Charter Proposals on Nov. Ballot

Charter Proposals on Nov. Ballot

Photo Courtesy of Michael Appleton/Mayoral Photography Office

There will be proposals to amend the City Charter on the back of the Nov. 5 General Election ballot.

By Forum Staff

State Sen. Joe Addabbo, Jr. (D-Howard Beach) on Thursday reached out to constituents to remind them that on Election Day (Nov. 5), in addition to voting for candidates for Public Advocate and Queens District Attorney, they should check the back of the ballot because there they will find proposed amendments to the City Charter.

The City Charter is NYC’s constitution: the official, authoritative document that defines all aspects of Big Apple government—functions, obligations, bureaucracy, etc.

According to the digital encyclopedia of American politics and elections, ballotpedia.org, the Nov. 5 proposals include:

A City Charter Amendment that involves Ranked-Choice Voting, Vacancies, and City Council Redistricting Timeline.

A YES vote on this question means the voter is in favor of amending the City Charter to establish ranked-choice voting to be used for primary and special elections beginning in 2021; to increase the time between a City office vacancy and the special election to fill it from 45 days (60 for mayor) to 80 days; and to change the timeline for City Council redistricting to complete it prior to City Council nominating petition signature collection.

A City Charter Amendment that involves the New York City Civilian Complaint Review Board.

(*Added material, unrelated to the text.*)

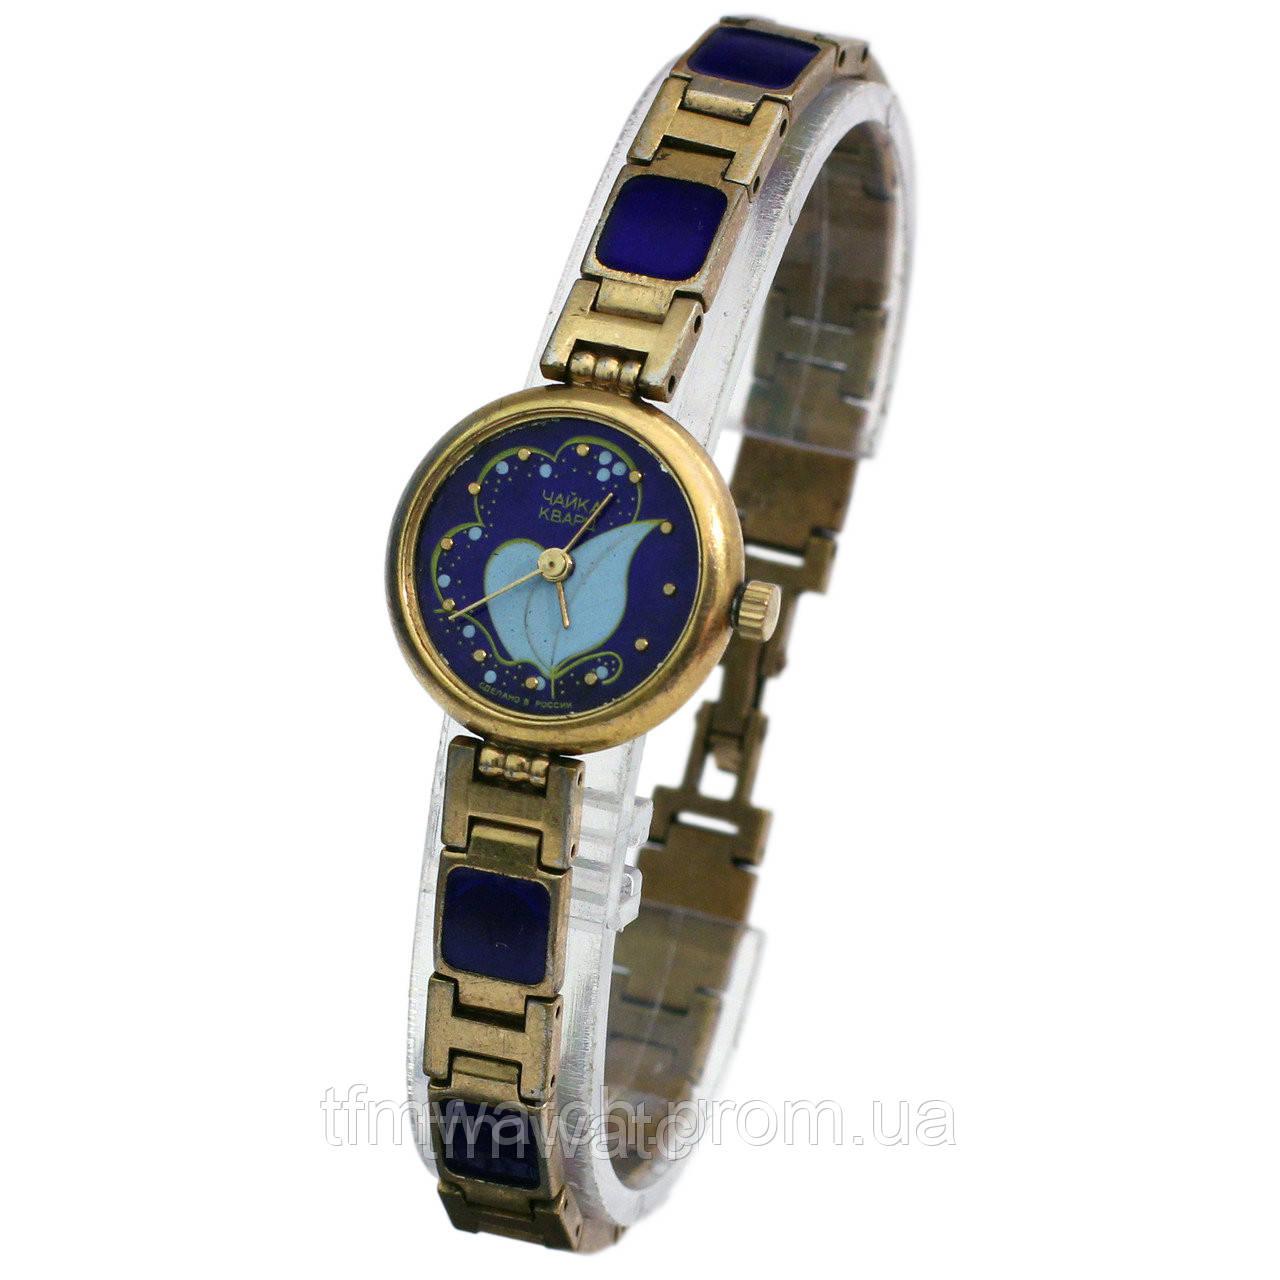 Часы чайка продать скупка часов суточная кругло
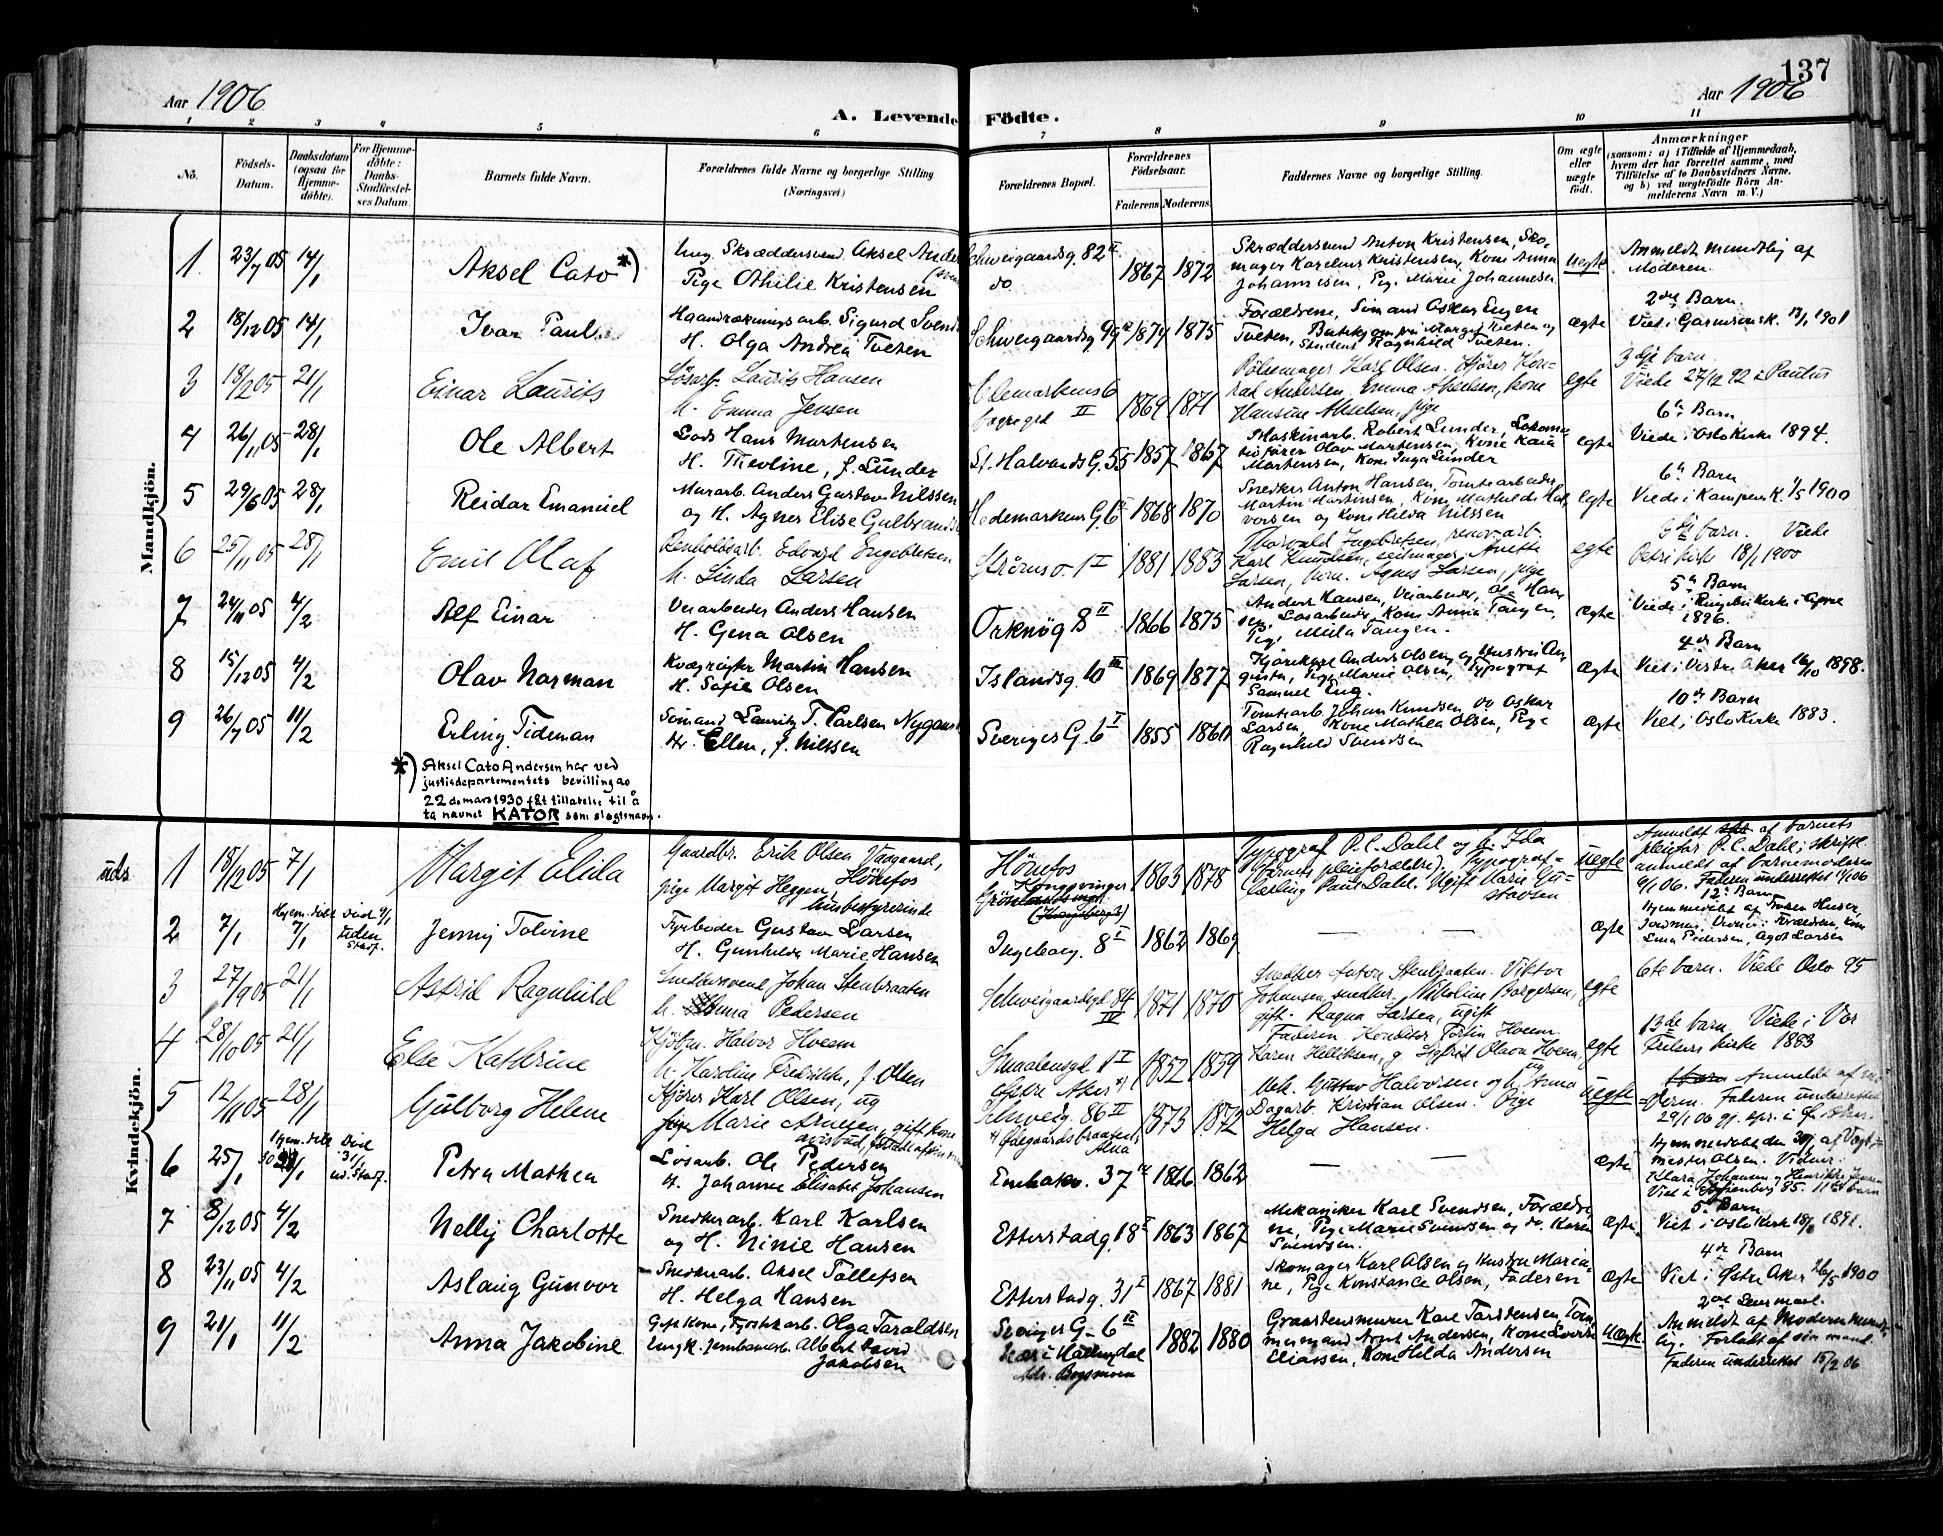 SAO, Vålerengen prestekontor Kirkebøker, F/Fa/L0001: Ministerialbok nr. 1, 1899-1915, s. 137

A YES vote is a vote in favor of amending the City Charter to add two members to the 13-member CCRB—one appointed by the Public Advocate and one jointly by the mayor and speaker of the Council; allow the City Council to appoint members directly without the mayor having final appointing authority; require the CCRB annual budget to be enough to hire employees for at least one CCRB for every 154 police officers (0.65 percent of the City’s police force) unless the mayor determines that fiscal necessity prevents it; add to the city charter the requirement that the city police commissioner to provide an explanation to the CCRB whenever the board’s disciplinary recommendations aren’t followed; authorize the CCRB to investigate the truthfulness of statements made during its investigation of complaints; and allow the CCRB to delegate its authority to issue and enforce subpoenas.

A charter amendment that relates to the City Land Use Charter by seeking to change the Uniform Land Use Review Procedure Requirements.

A YES vote is in favor of amending the City Charter to require the Department of City Planning to provide a summary of ULURP projects to the borough president and community board affected by the project 30 days prior to when the project application is certified for review by the public; and increase the amount of time allowed for review of the ULURP projects by the affected community boards from 60 days to either 75 days or 90 days, depending on timing.

“It is important for voters to know and understand what they will be voting on,” Addabbo said. “I hope this informational release will give voters a better understanding of the New York City Charter, what changes are being proposed, and what would happen with the city if one, or any, of these proposals passes on Election Day.”